Distributed training enables one to easily parallelize computations across processes and clusters of machines. To do so, it leverages messaging passing semantics allowing each process to communicate data to any of the other processes.

PyText exploits DistributedDataParallel for synchronizing gradients and torch.multiprocessing to spawn multiple processes which each setup the distributed environment with NCCL as default backend, initialize the process group, and finally execute the given run function. The module is replicated on each machine and each device (e.g every single process), and each such replica handles a portion of the input partitioned by PyText’s DataHandler. For more on distributed training in PyTorch, refer to Writing distributed applications with PyTorch.

In this tutorial, we will train a DocNN model on a single node with 8 GPUs using the SST dataset.

1. Requirement

Distributed training is only available for GPUs, so you’ll need GPU-equipped server or virtual machine to run this tutorial.

Notes:
  • This demo use a local temporary file for initializing the distributed processes group, which means it only works on a single node. Please make sure to set distributed_world_size less than or equal to the maximum available GPUs on the server.
  • For distributed training on clusters of machines, you can use a shared file accessible to all the hosts (ex: file:///mnt/nfs/sharedfile) or the TCP init method. More info on distributed initialization.
  • In demo/configs/distributed_docnn.json, set distributed_world_size to 1 to disable distributed training, and set use_cuda_if_available to false to disable training on GPU.

2. Fetch the dataset

Download the SST dataset (The Stanford Sentiment Treebank) to a local directory. We will refer to this as base_dir in the next section.

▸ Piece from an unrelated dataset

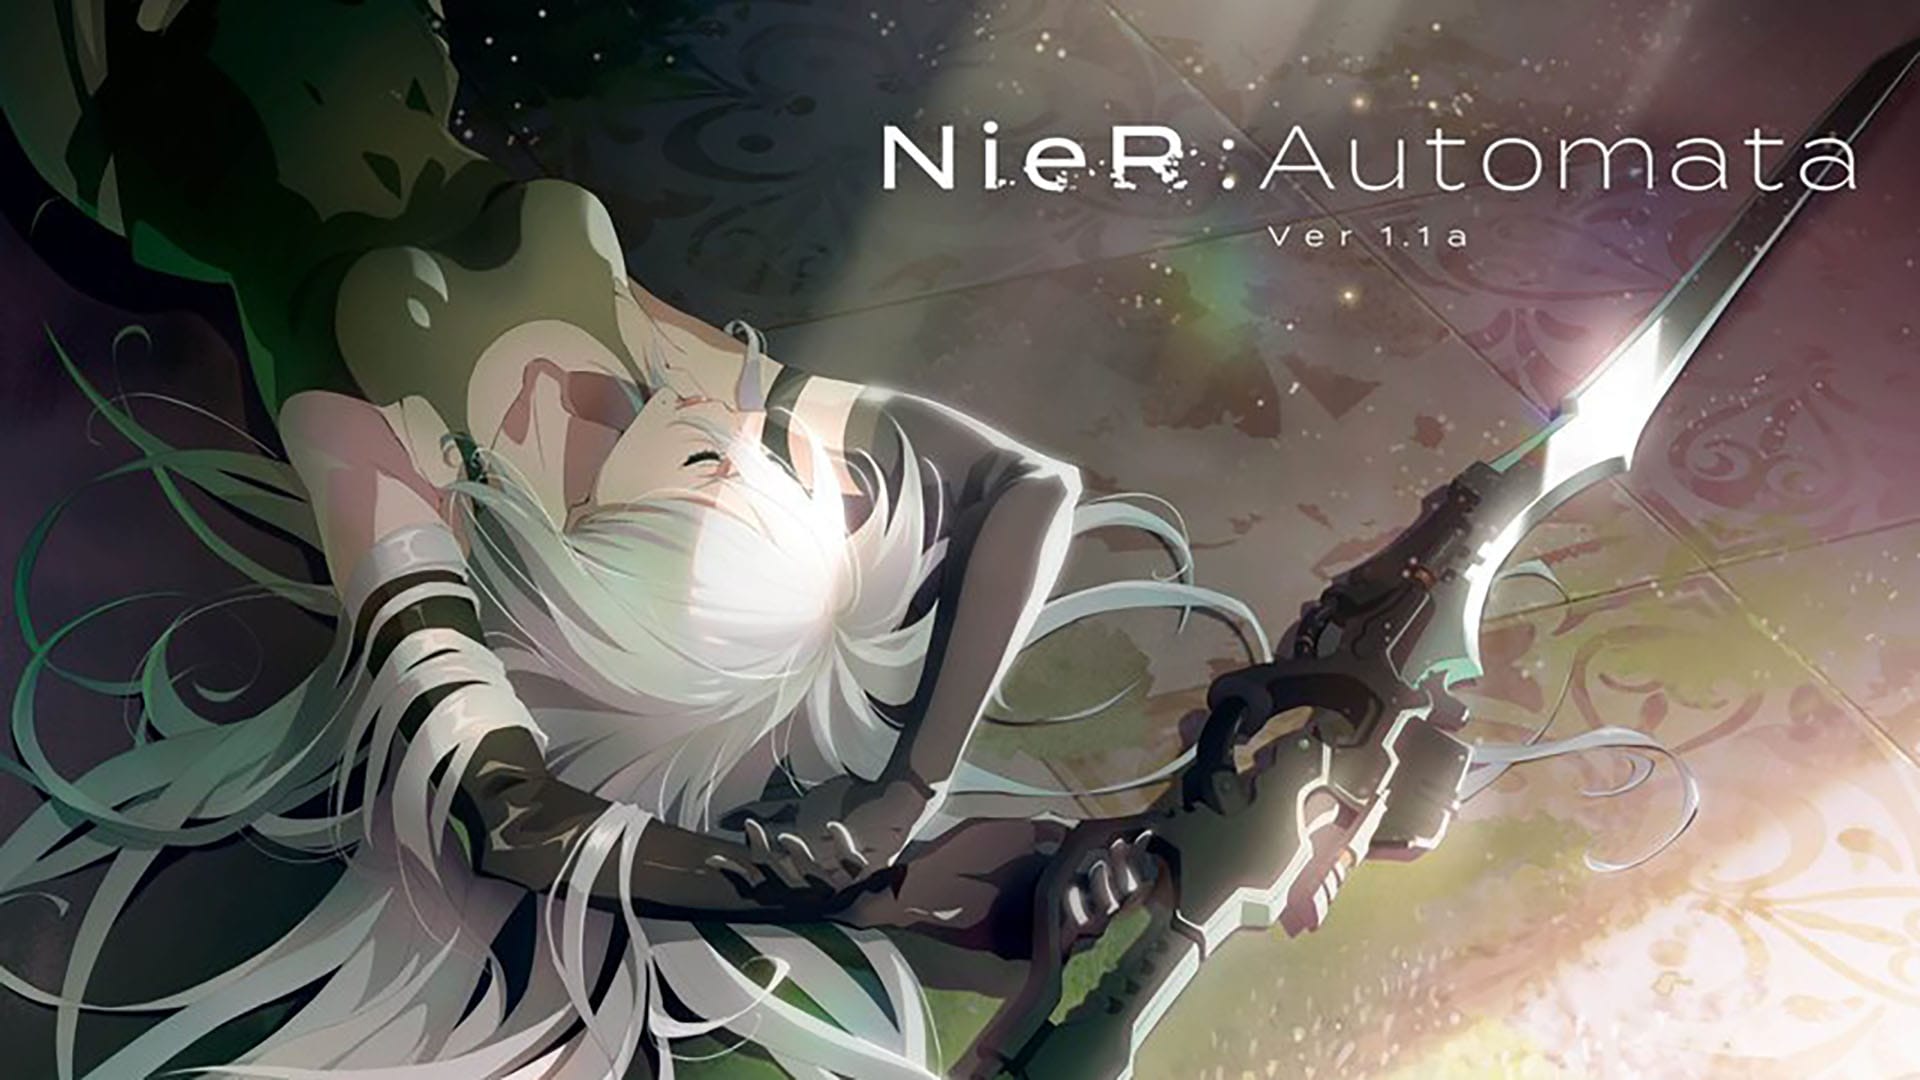 NieR:Automata Ver 1.1a (TV) - Anime News Network

$ unzip SST-2.zip && cd SST-2
$ sed 1d train.tsv | head -1000 > train_tiny.tsv
$ sed 1d dev.tsv | head -100 > eval_tiny.tsv

3. Prepare configuration file

Prepare the configuration file for training. A sample config file can be found in your PyText repository at demo/configs/distributed_docnn.json. If you haven’t set up PyText, please follow Installation.

The two parameters that are used for distributed training are:

  • distributed_world_size: total number of GPUs used for distributed training, e.g. if set to 40 with every server having 8 GPU, 5 servers will be fully used.
  • use_cuda_if_available: set to true for training on GPUs.

For this tutorial, please change the following in the config file.

  • Set train_path to base_dir/train_tiny.tsv.
  • Set eval_path to base_dir/eval_tiny.tsv.
  • Set test_path to base_dir/eval_tiny.tsv.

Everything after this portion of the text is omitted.